• [Directions for this task] Once the pictures are set aside, copy the data below exactly as it stands.

------ Data shown

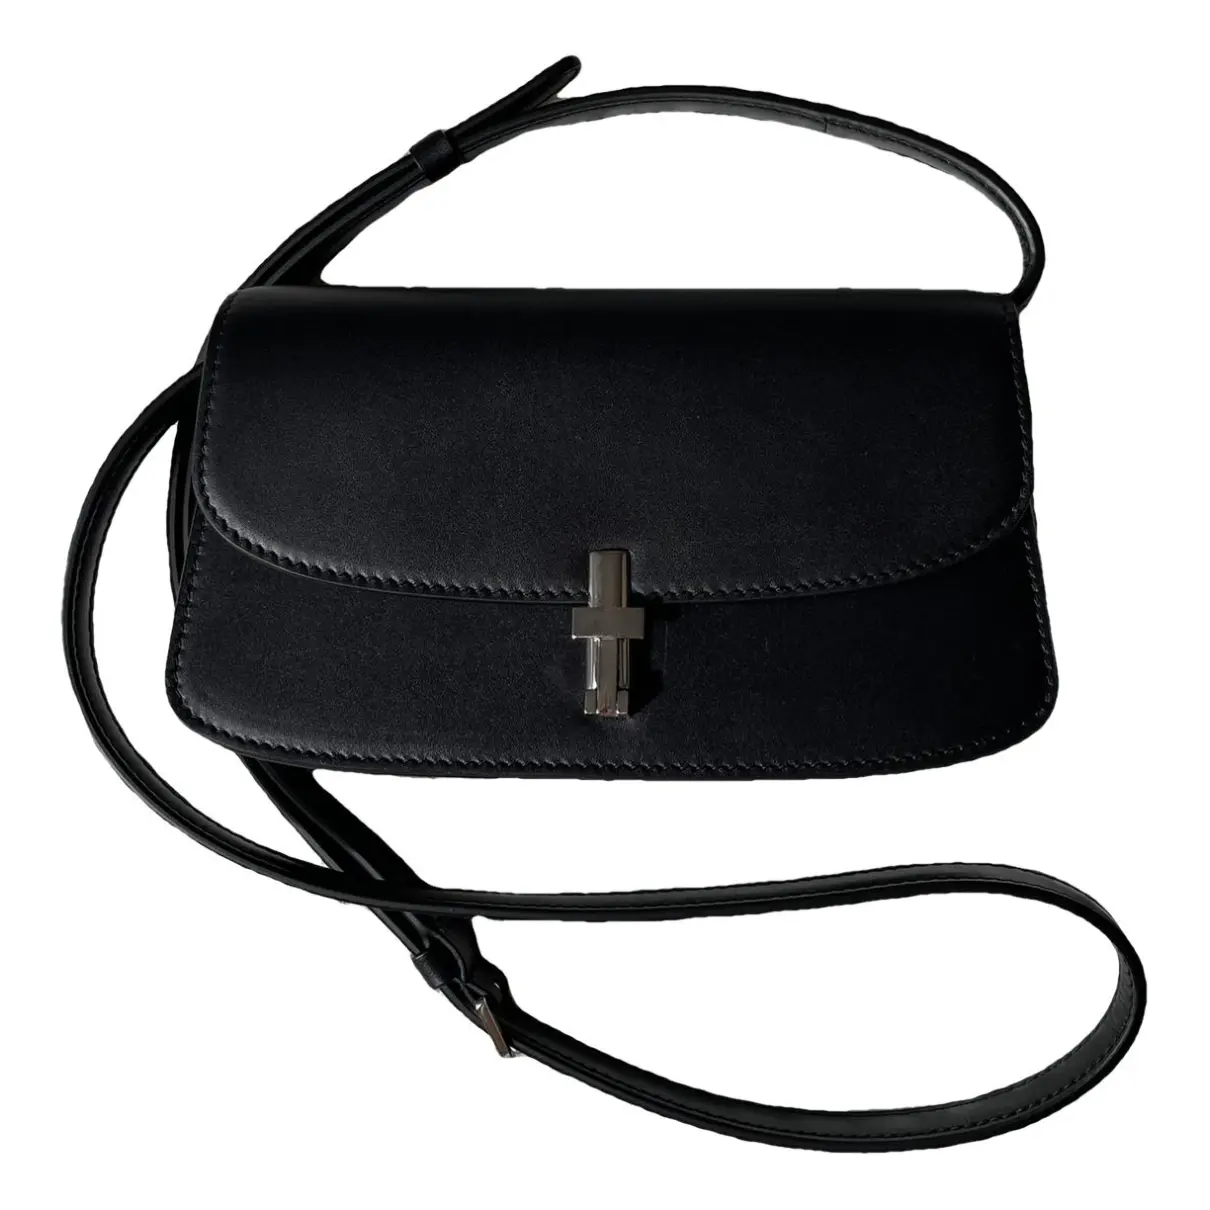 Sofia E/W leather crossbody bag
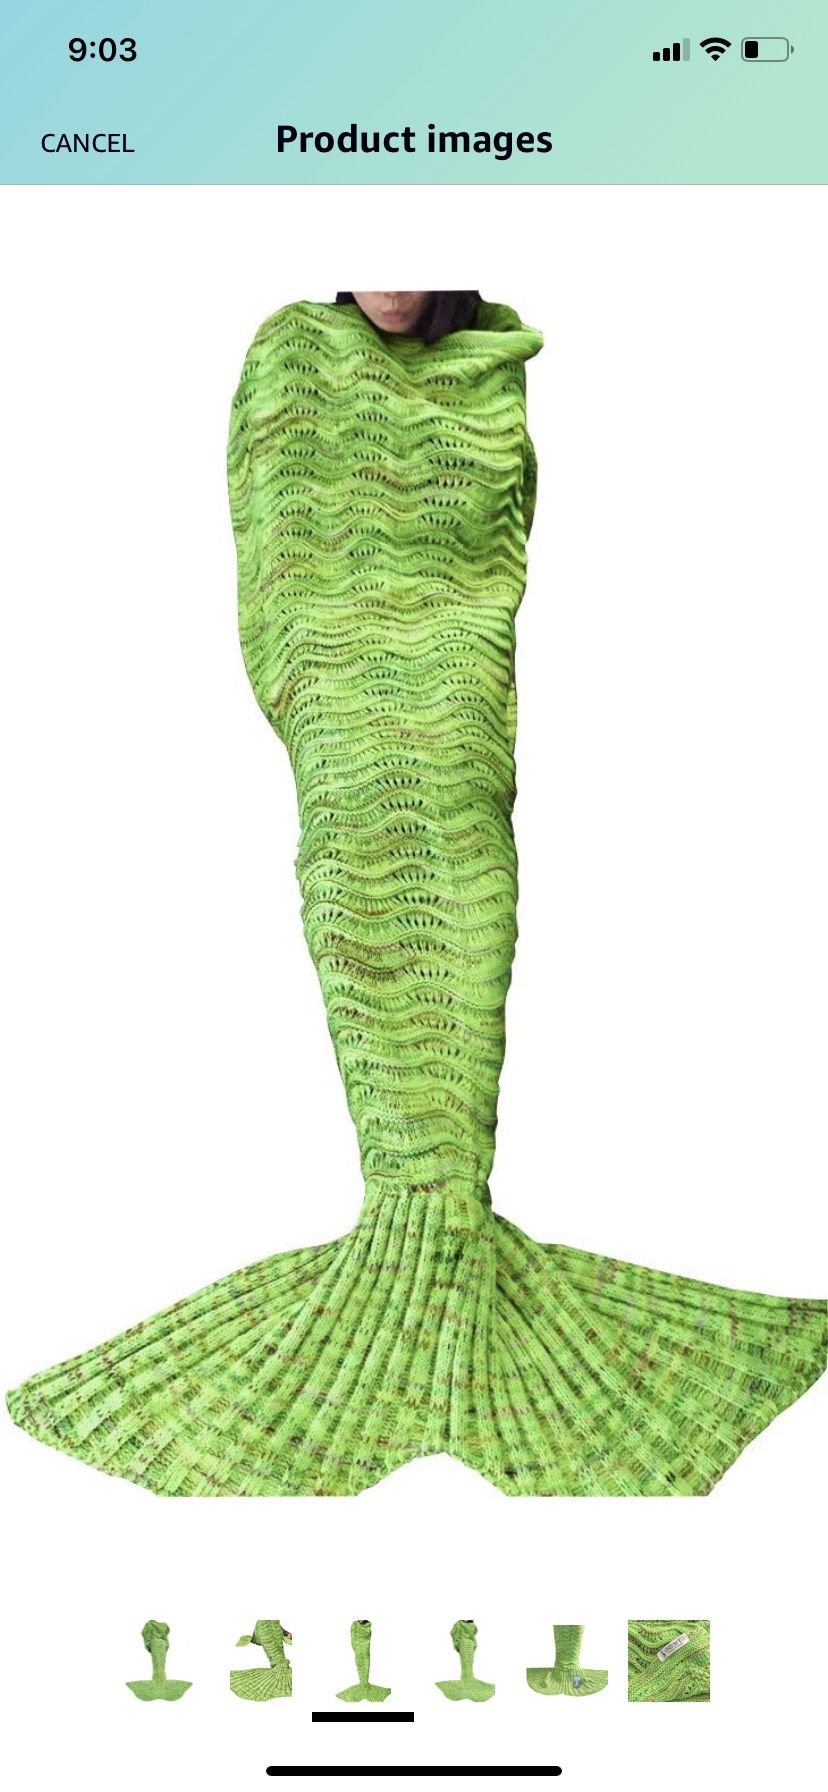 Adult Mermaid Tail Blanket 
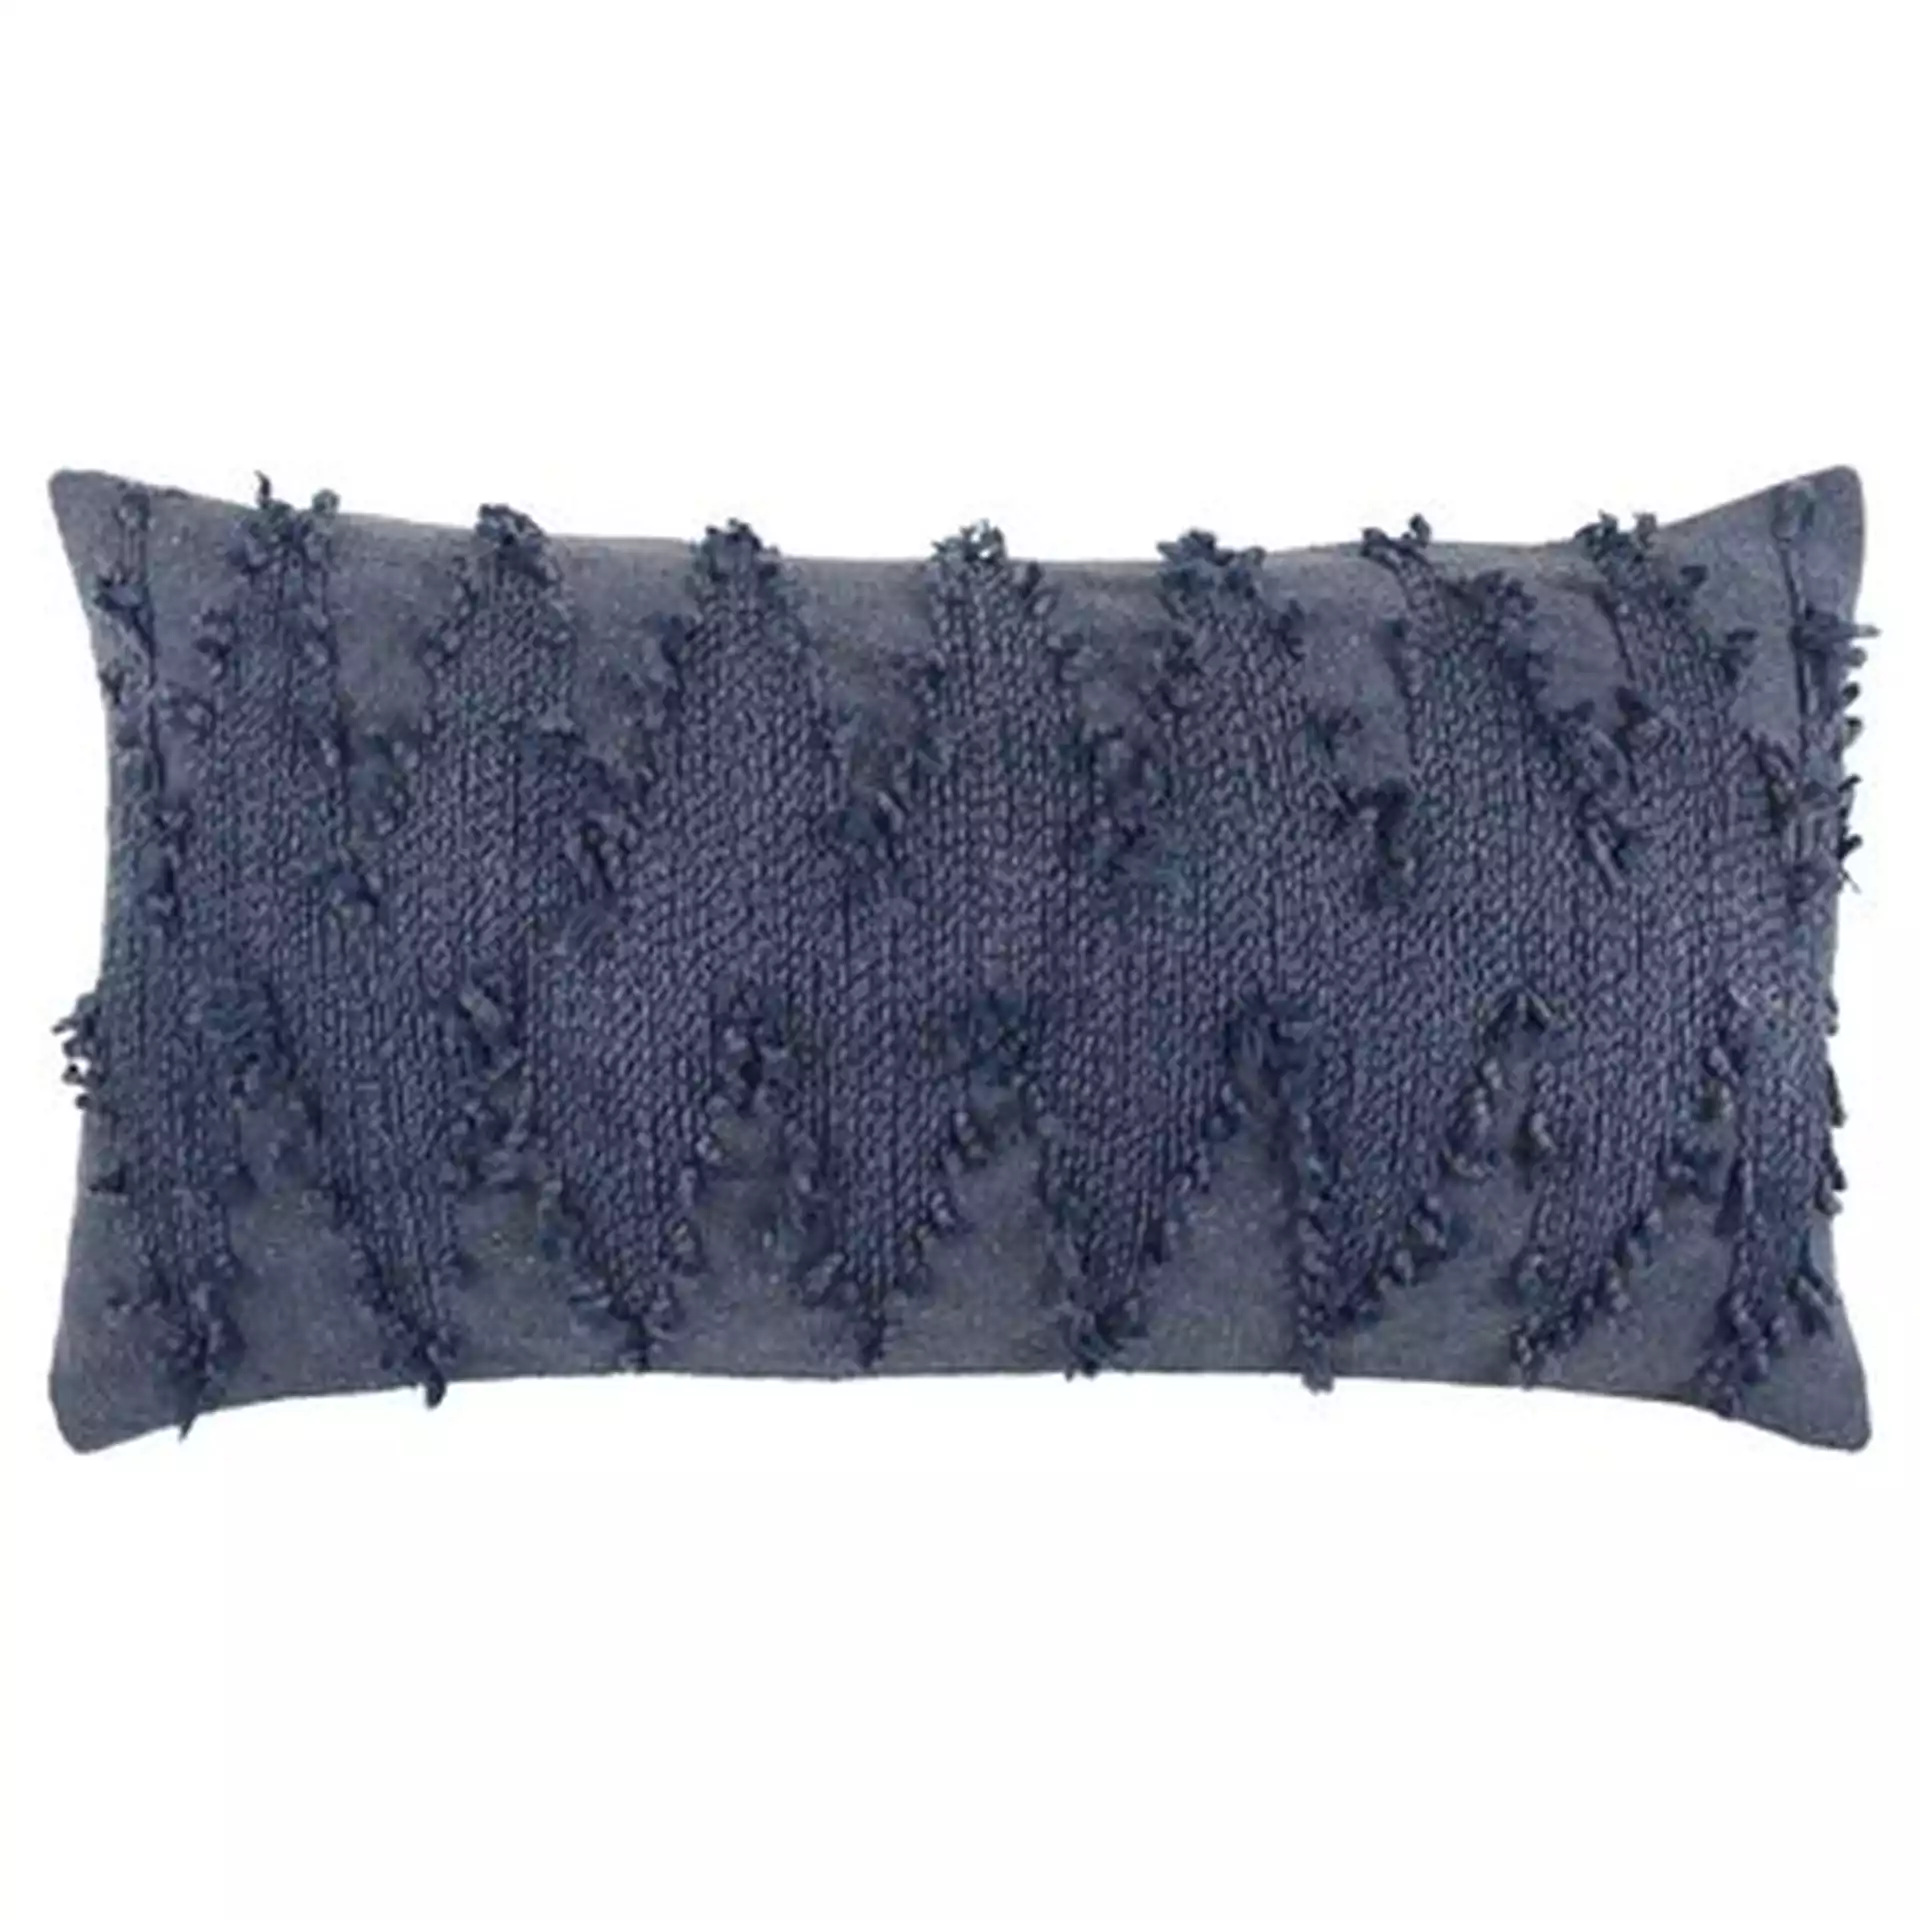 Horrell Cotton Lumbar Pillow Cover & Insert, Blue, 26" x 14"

------------

• [Written solution]
 Sofia E/W leather crossbody bag
 Adult Mermaid Tail Blanket 
 Horrell Cotton Lumbar Pillow Cover & Insert, Blue, 26" x 14"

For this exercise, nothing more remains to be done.